In the short time I have used the TG167, I have had a few great jobs for it to be fully harnessed on, and I’m sure it’s the type of tool that you will find all sorts of uses for once you get to grips with it.

The first job I used it for was on a VW Golf R32 with a short circuit on the HVAC supply fuse. I quickly studied the wiring diagram, which showed the circuit was feeding various hard-to-reach components. In this instance, using the conventional method of isolating each circuit could have taken some time. I installed a light load across the fuse and followed the circuits using the camera and quickly found a heat source at the bottom of the condenser, which was hard to see, let alone reach. With the confidence to now start stripping panels to gain access, I soon discovered that the fault was a short to earth within the refrigerant pressure sensor.

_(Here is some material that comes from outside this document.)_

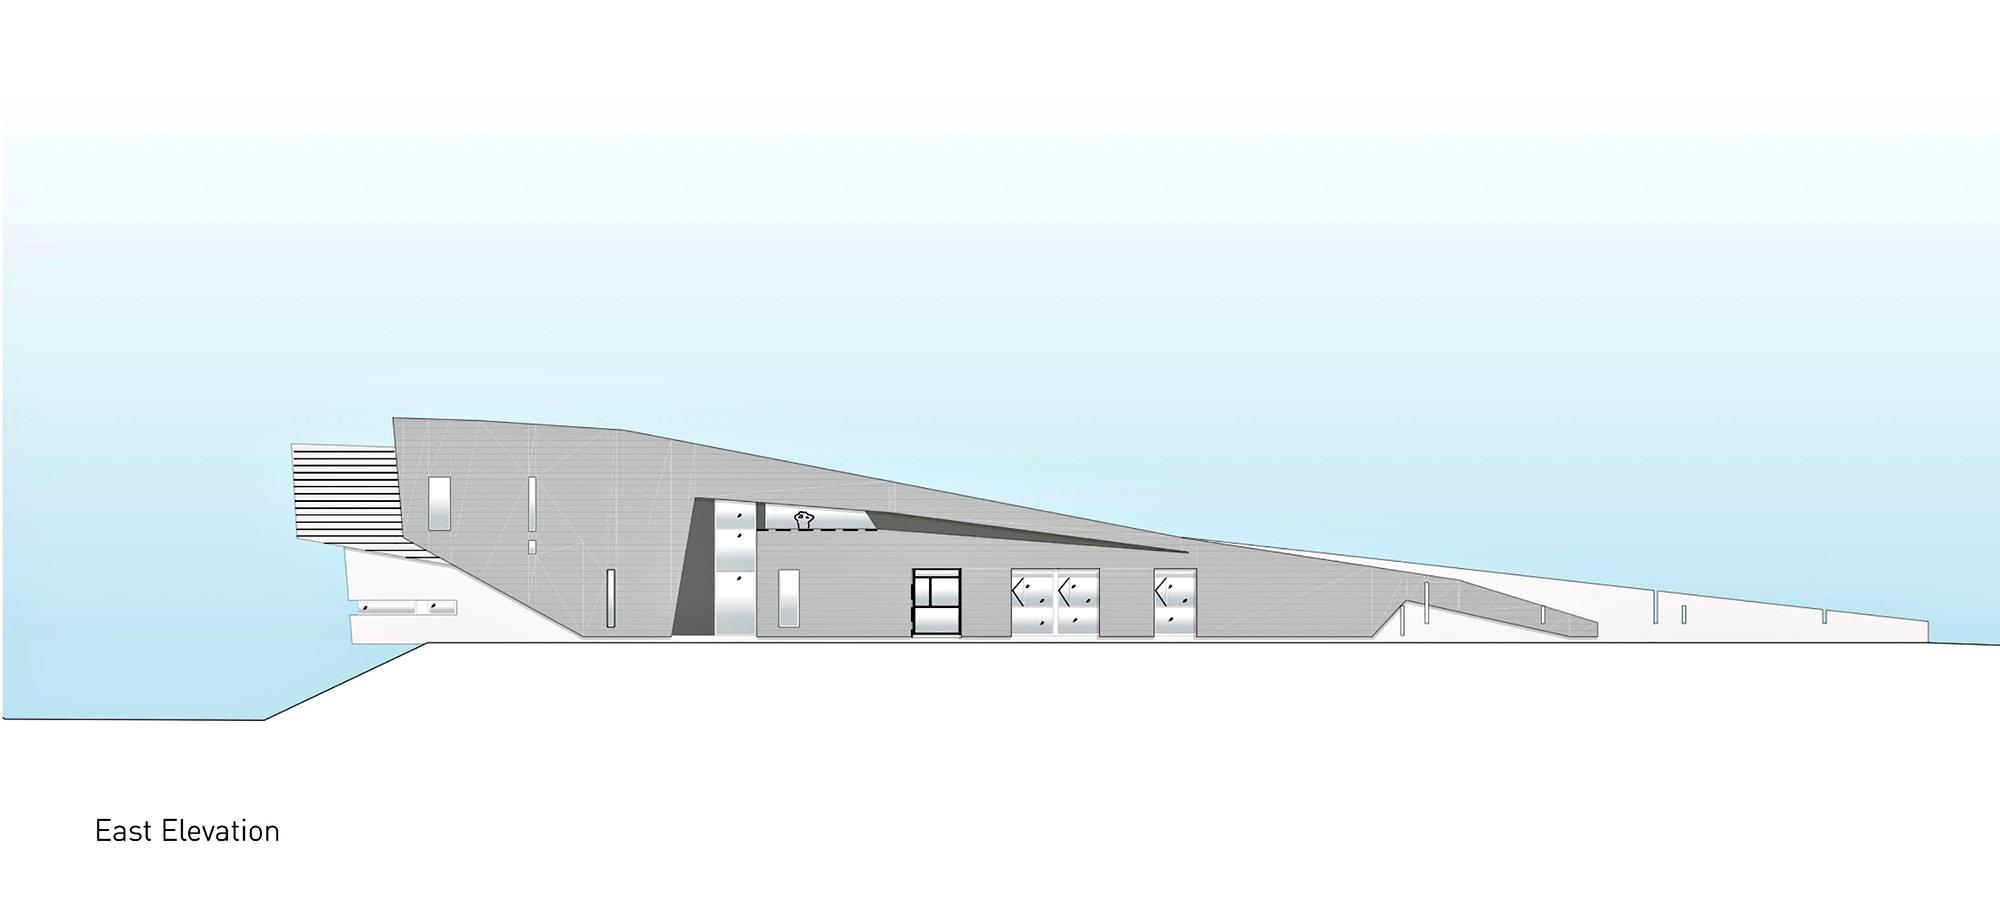 East Elevation – Port Hope Residence – Lakeshore Rd, Port Hope, ON, Canada

The second job was more of a mechanical issue with an older BMW E36 heater system that was not performing too well. The customer had checked the cooling system and located a possible fault in the heater matrix, but the cost of replacement was close to being uneconomical when compared to the value of the car. We filled the matrix with hot water from a boiling kettle and scanned the matrix to confirm poor circulation – bingo! We then flushed the matrix with a chemical cleaner several times and re-checked it to confirm flow was significantly better. After refitting, the customer was happy heat was restored and the cost was a fraction of replacement.

I can see several uses from confirming heating elements (HRW, seats etc.) to detecting mechanical issue like misfires and even sourcing electrical short circuits and with the cost of these devices now within reach of even the garage technician, let alone the garage owner, I think it is soon going to become a must-have tool.